TASK TO COMPLETE. Images are not part of the copy; transcribe all the data exactly.

COLLECTED DATA.
———

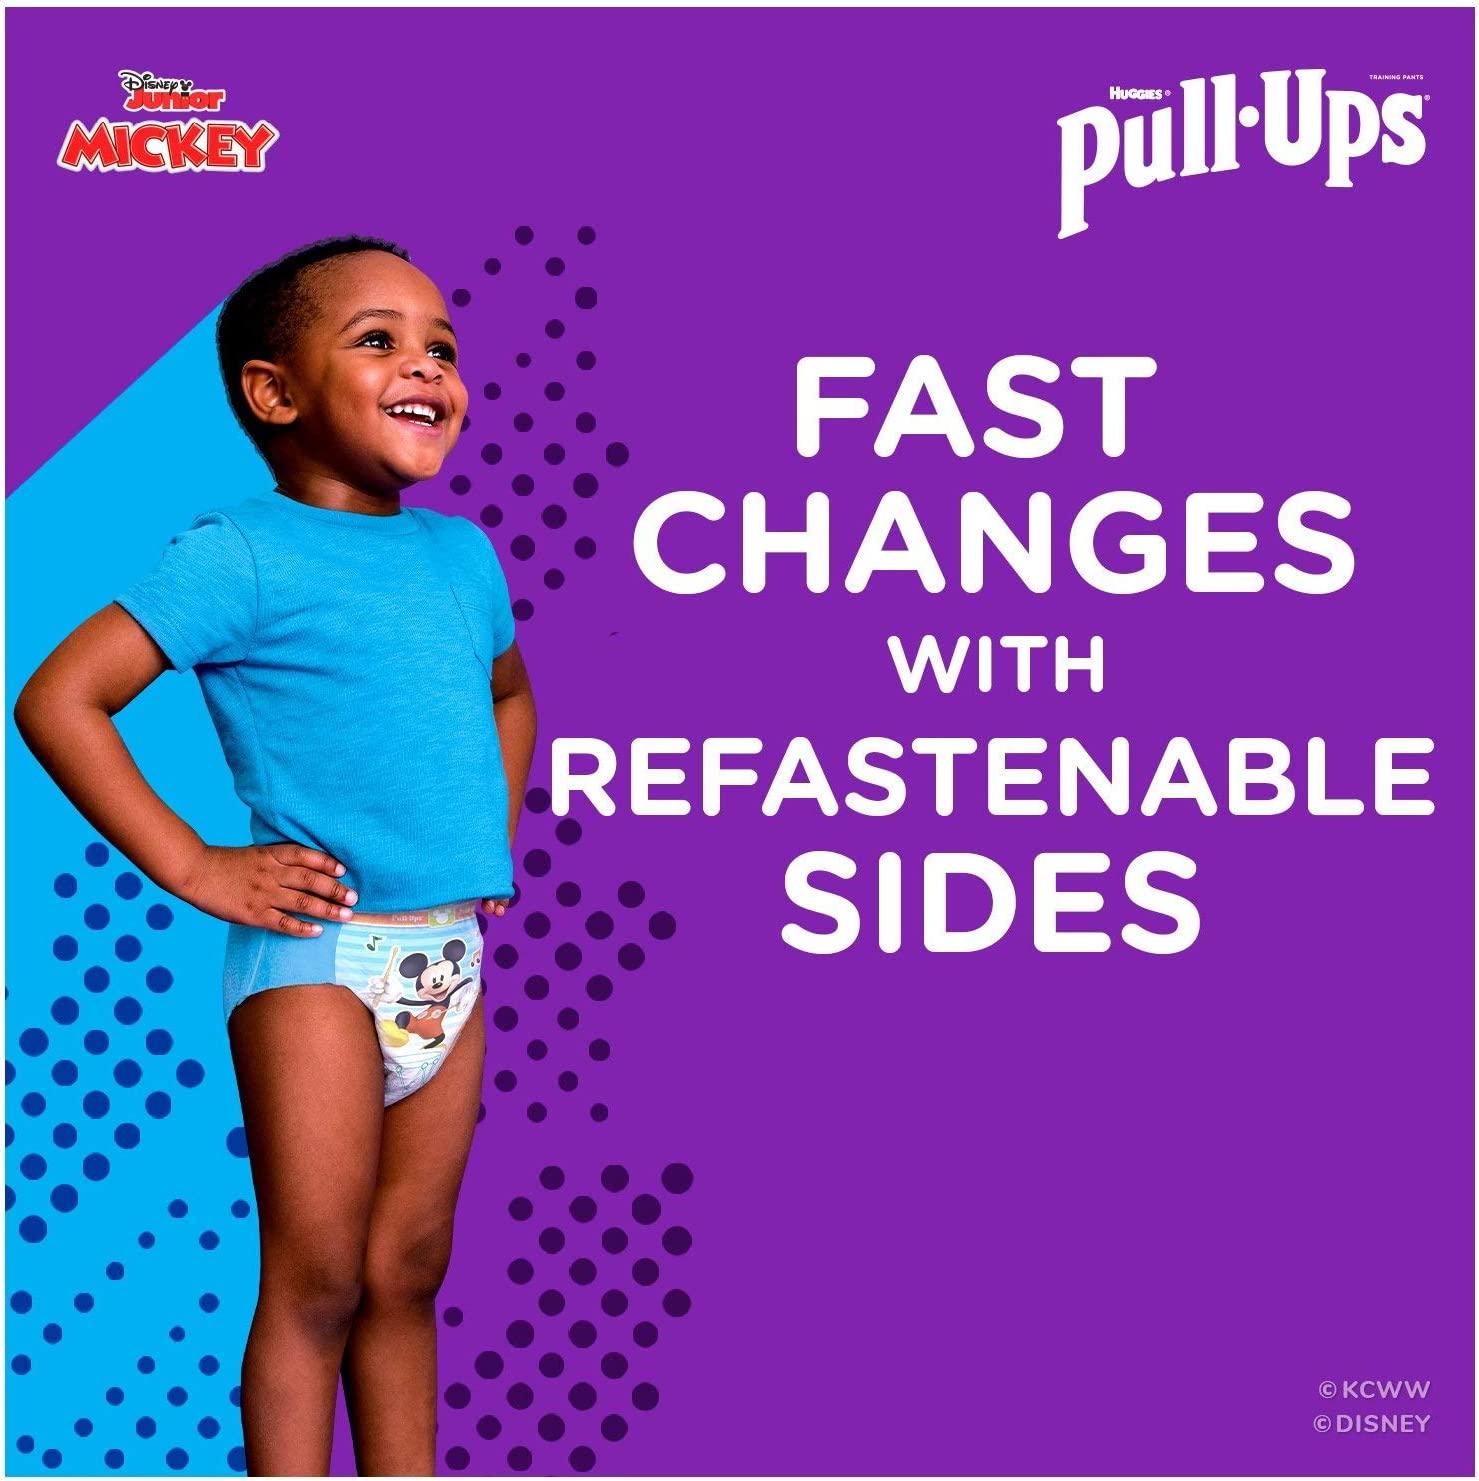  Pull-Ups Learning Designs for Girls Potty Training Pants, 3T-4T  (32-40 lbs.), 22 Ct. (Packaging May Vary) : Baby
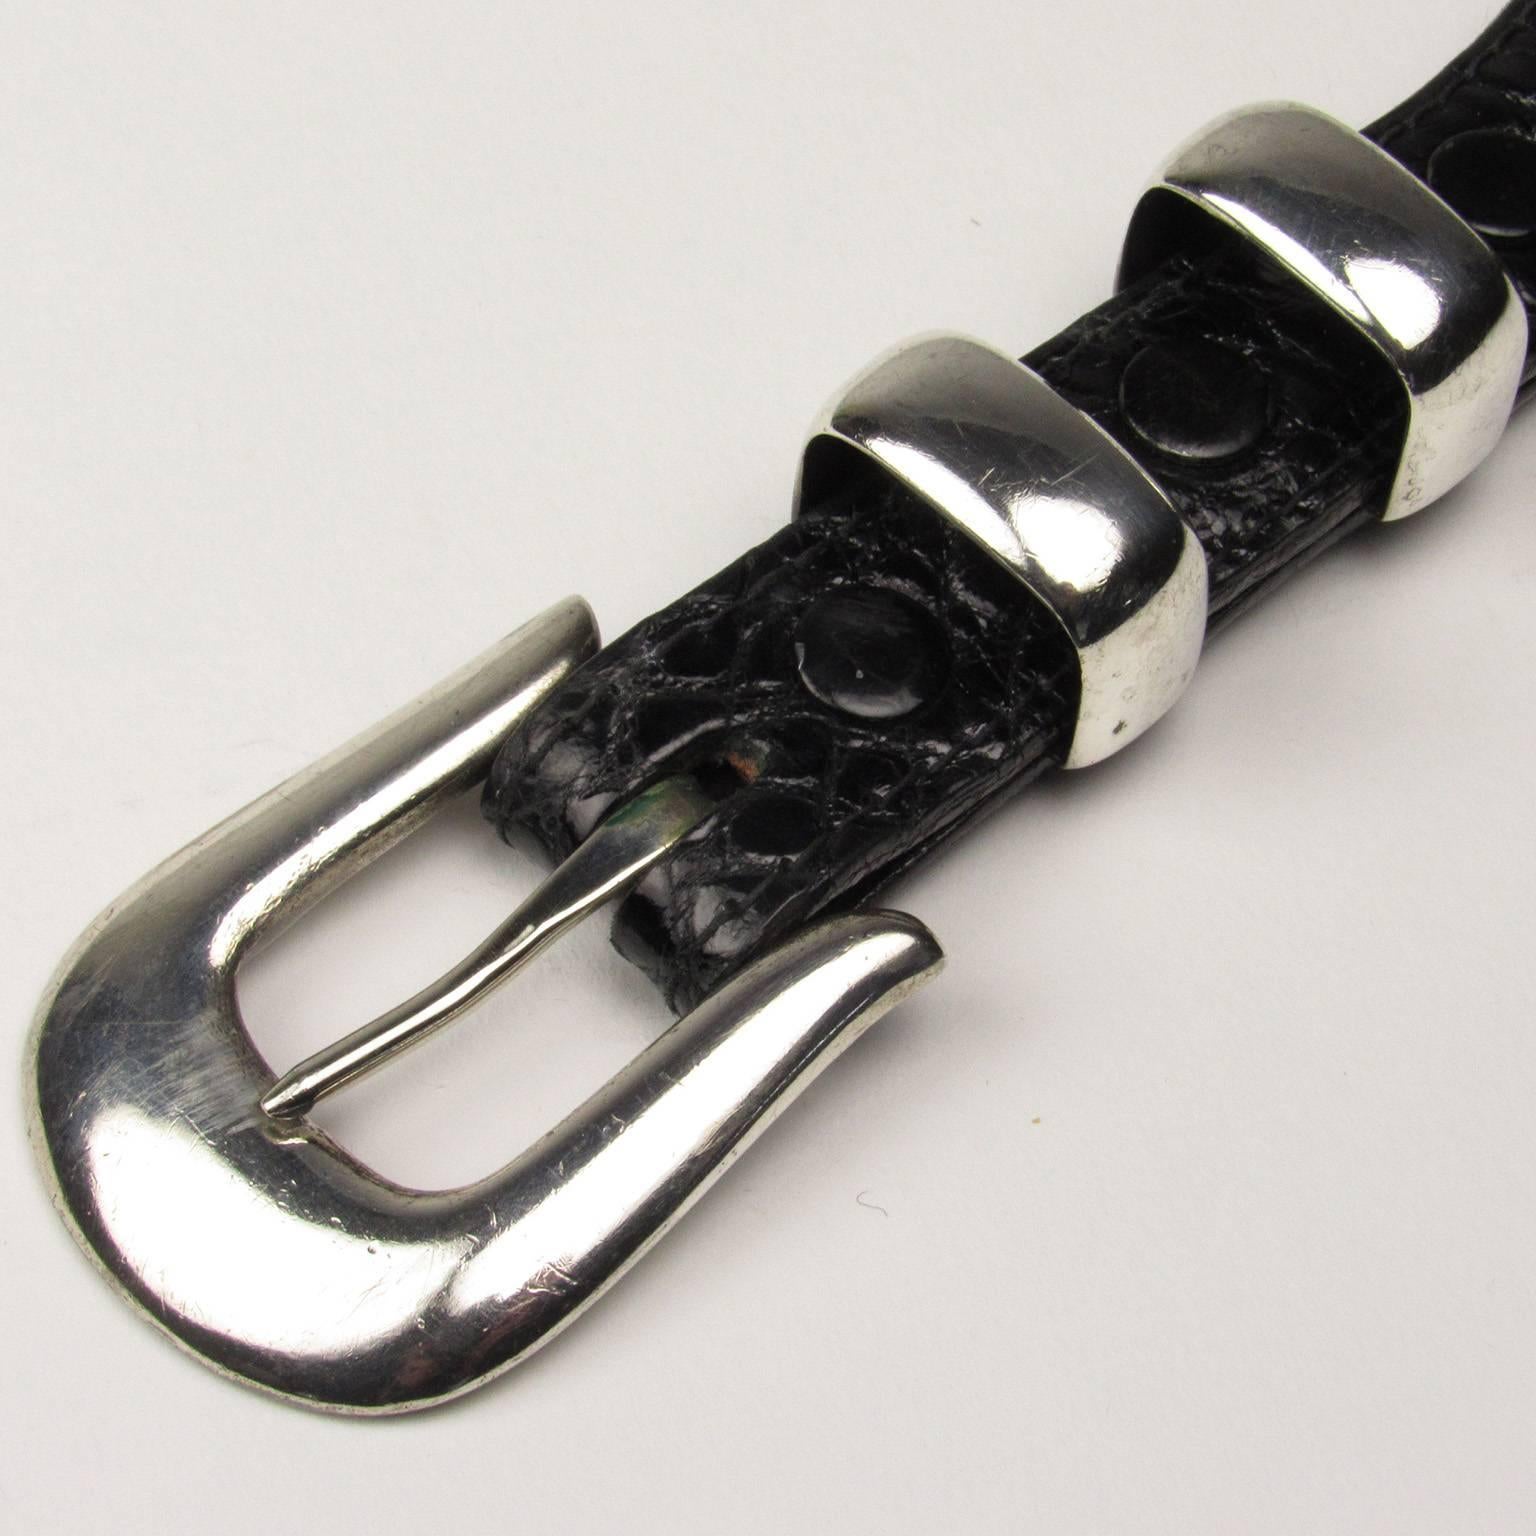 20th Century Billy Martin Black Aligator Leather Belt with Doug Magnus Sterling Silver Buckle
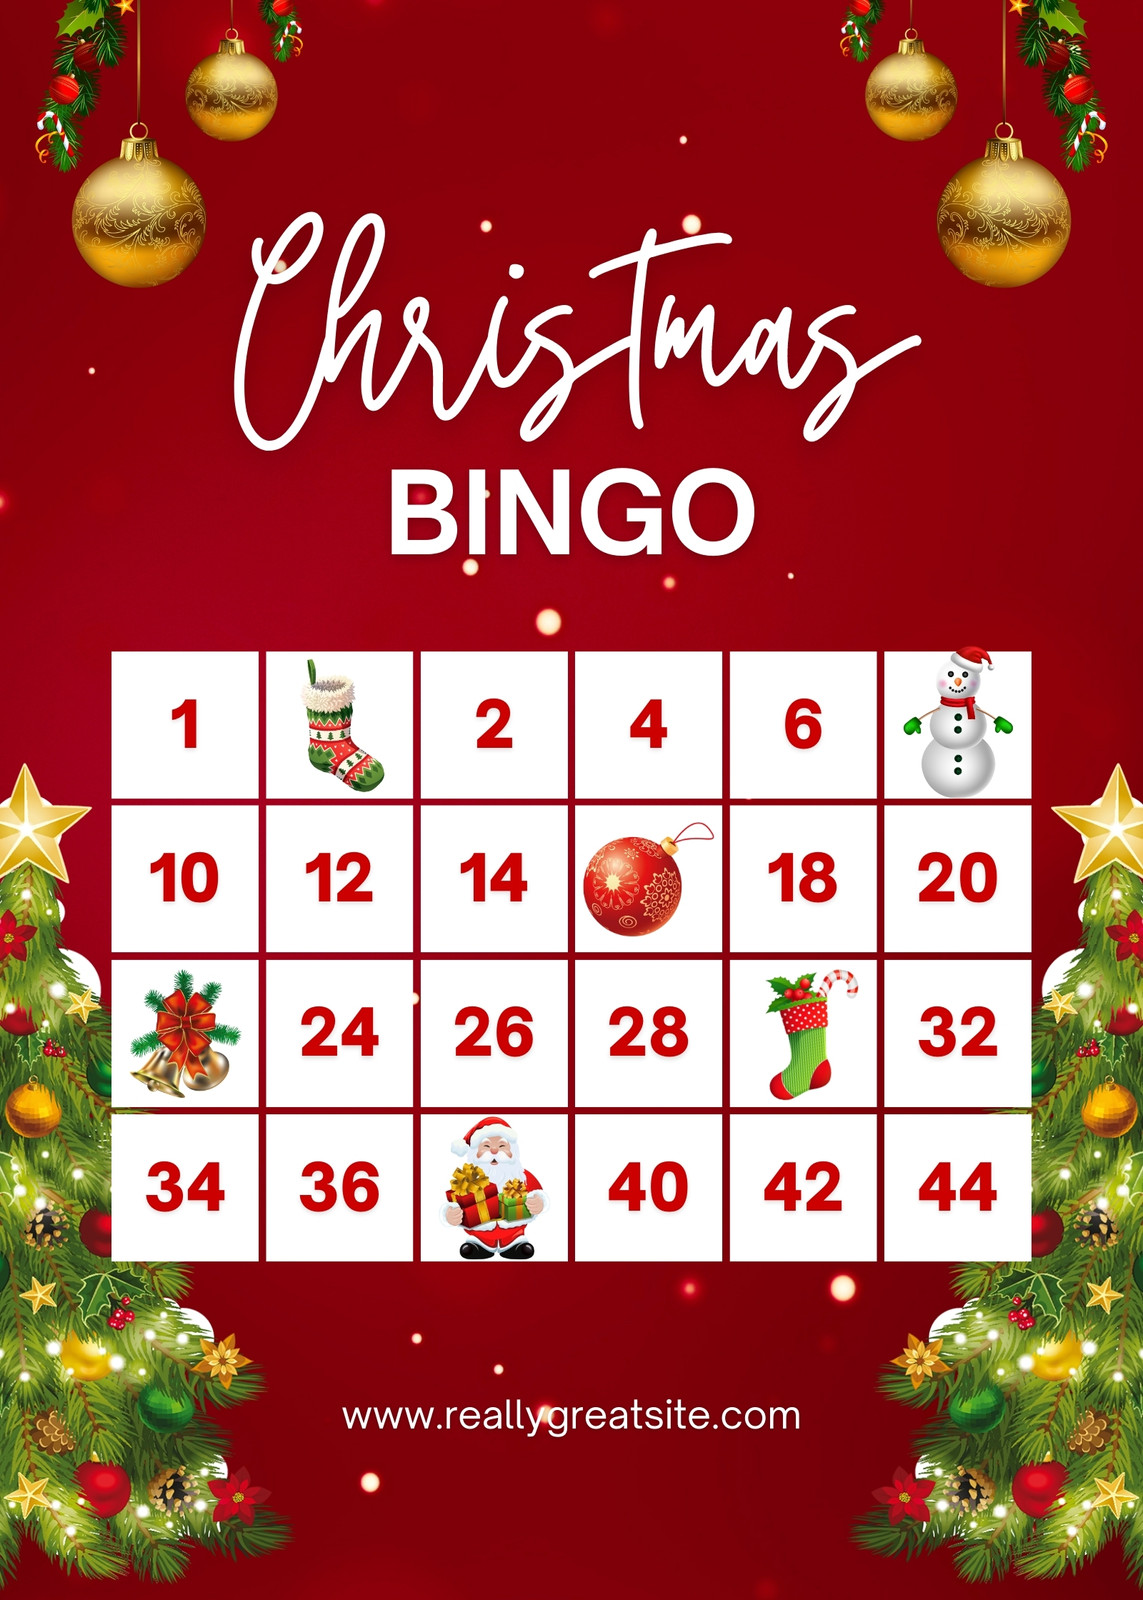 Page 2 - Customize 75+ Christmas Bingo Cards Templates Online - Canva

———

SOLUTION BELOW.
  Pull-Ups Learning Designs for Girls Potty Training Pants, 3T-4T  (32-40 lbs.), 22 Ct. (Packaging May Vary) : Baby
 20th Century Billy Martin Black Aligator Leather Belt with Doug Magnus Sterling Silver Buckle
 Page 2 - Customize 75+ Christmas Bingo Cards Templates Online - Canva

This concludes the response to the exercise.